One autumn evening in 1992, Sid Bream of the Atlanta Braves – a former Pittsburgh Pirate – slid across home plate and scored the winning run in game seven of the National League Championship Series that took his team past the Pittsburgh Pirates into the World Series. While Braves fans erupted in cheers, Pirates fans stood in stunned silence only able to think, “Maybe next year.”
Fast Forward 20 years, add a new stadium, new players, and a new generation, and the coaches, team, and fans will have the same look of disappointment on their faces following the worst collapse in MLB history by a first-place team. The Pirates once again failed to finish above .500.
Two decades removed from their last winning season, one may doubt the ability of the small-market Pirates to bounce back and finally be able to overcome the stench of losing that they has haunted them for the last generation.
However, the following two seasons proved to be more than fans could have asked for as the Pirates not only finished with a winning record, but they made the playoffs and hosted the National League Wild Card game two years in a row. Pittsburgh’s small-market baseball team beat the Reds, another smaller market team, in 2013, eventually falling to big-market St. Louis in the NLCS. This year, big-market San Francisco won the wild card in front of a stunned sellout PNC crowd.
Now, the team that the Pirates fell to in the playoffs will be fighting for a World Series win in game seven against the Kansas City Royals. Every single Pirates fan should be decked out in blue, or at the very least rooting their hearts out for Kansas City to pull this one off.
Without a salary cap in Major League Baseball, teams like the Yankess and Giants have been able to grab hold of championship after championship. The last small-market team to make it to the big show was the Tampa Bay Rays in 2008. They would fall to, no surprise, big market Philadelphia Phillies.
In the last few seasons, however, Major League Baseball has seen teams such as the Royals and Pirates on the rise because they have found ways to win despite not having a massive payroll. Teams are playing smarter, with more informed bullpen decisions, dramatic defensive shifts, and modern stats like WAR leading lineup changes that equal or better a poorly managed team with high-priced, under-performing stars.
Tonight, baseball fans from around the world have a chance to witness the small market underdog pulling off a World Series win against a team who has been to the World Series every other year in the current decade, literally.

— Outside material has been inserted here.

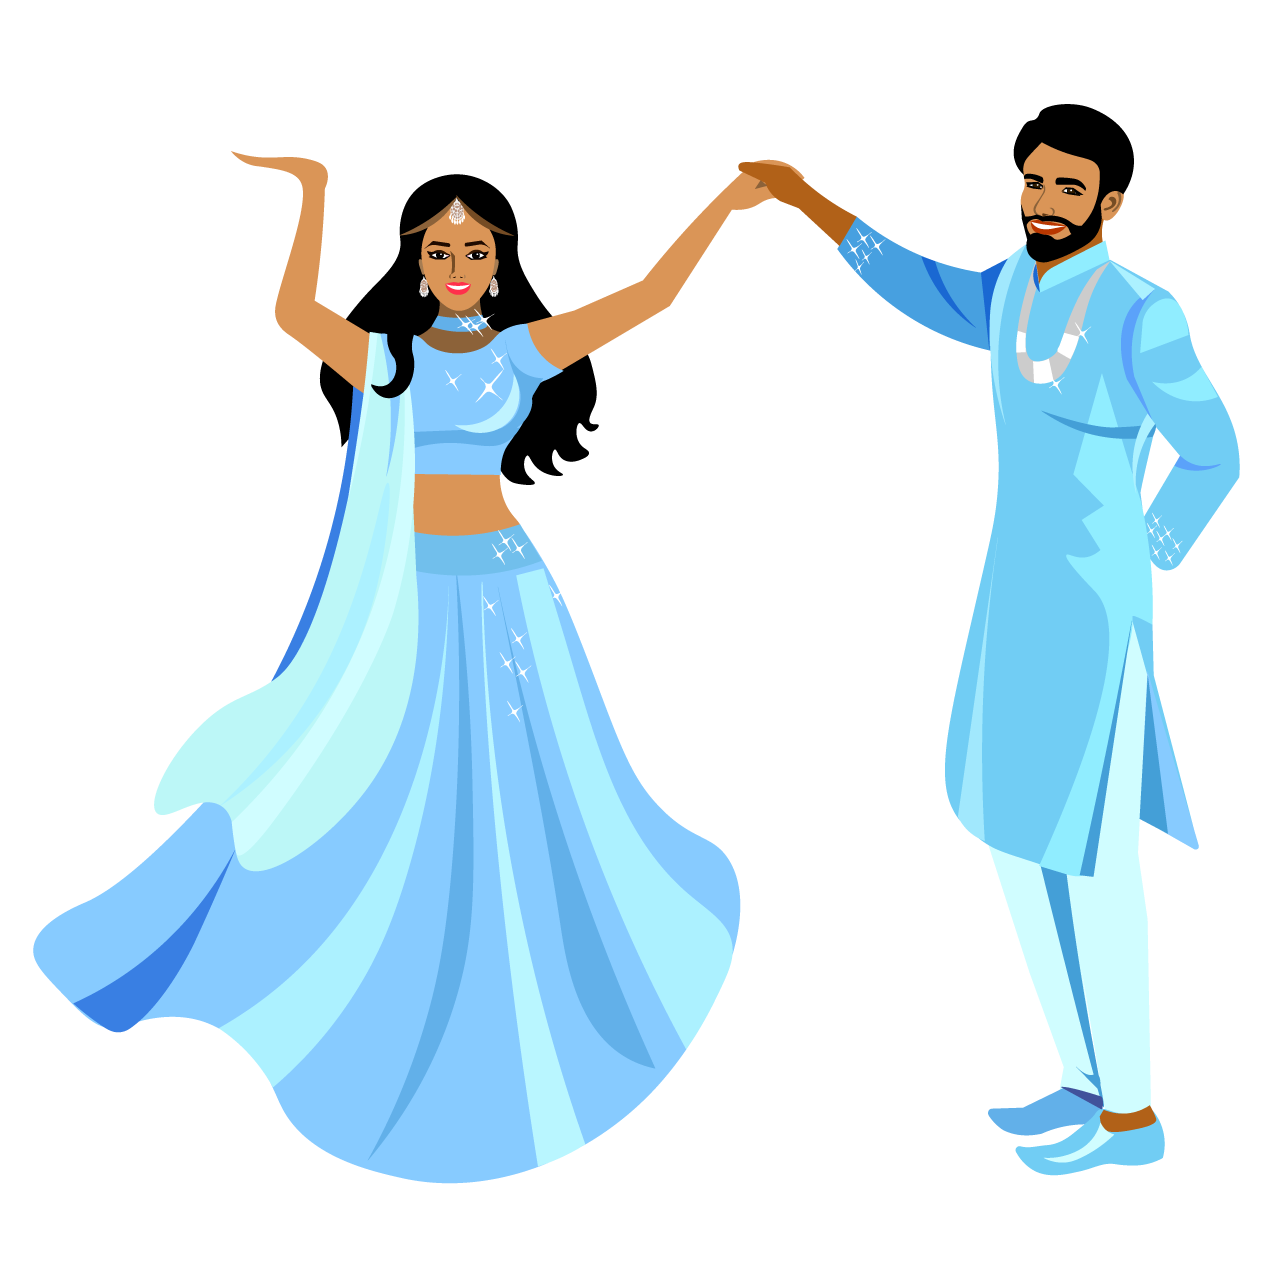 Indian wedding clipart dancing couple celebration cartoon illustration image

Every Pirates fan should be proud of their fellow small-market team, the Kansas City Royals. They should be excited about how far they have come, and they should be looking forward to the potential beginning of a new era in baseball: An era where the have-nots are able to throw a stone at the Goliath’s of baseball. Symbolically, it only makes sense: The Royals will take on the Giants tonight, hoping to play the part small-market Pittsburgh fans yearn to see their Pirates play in the World Series hopefully very soon.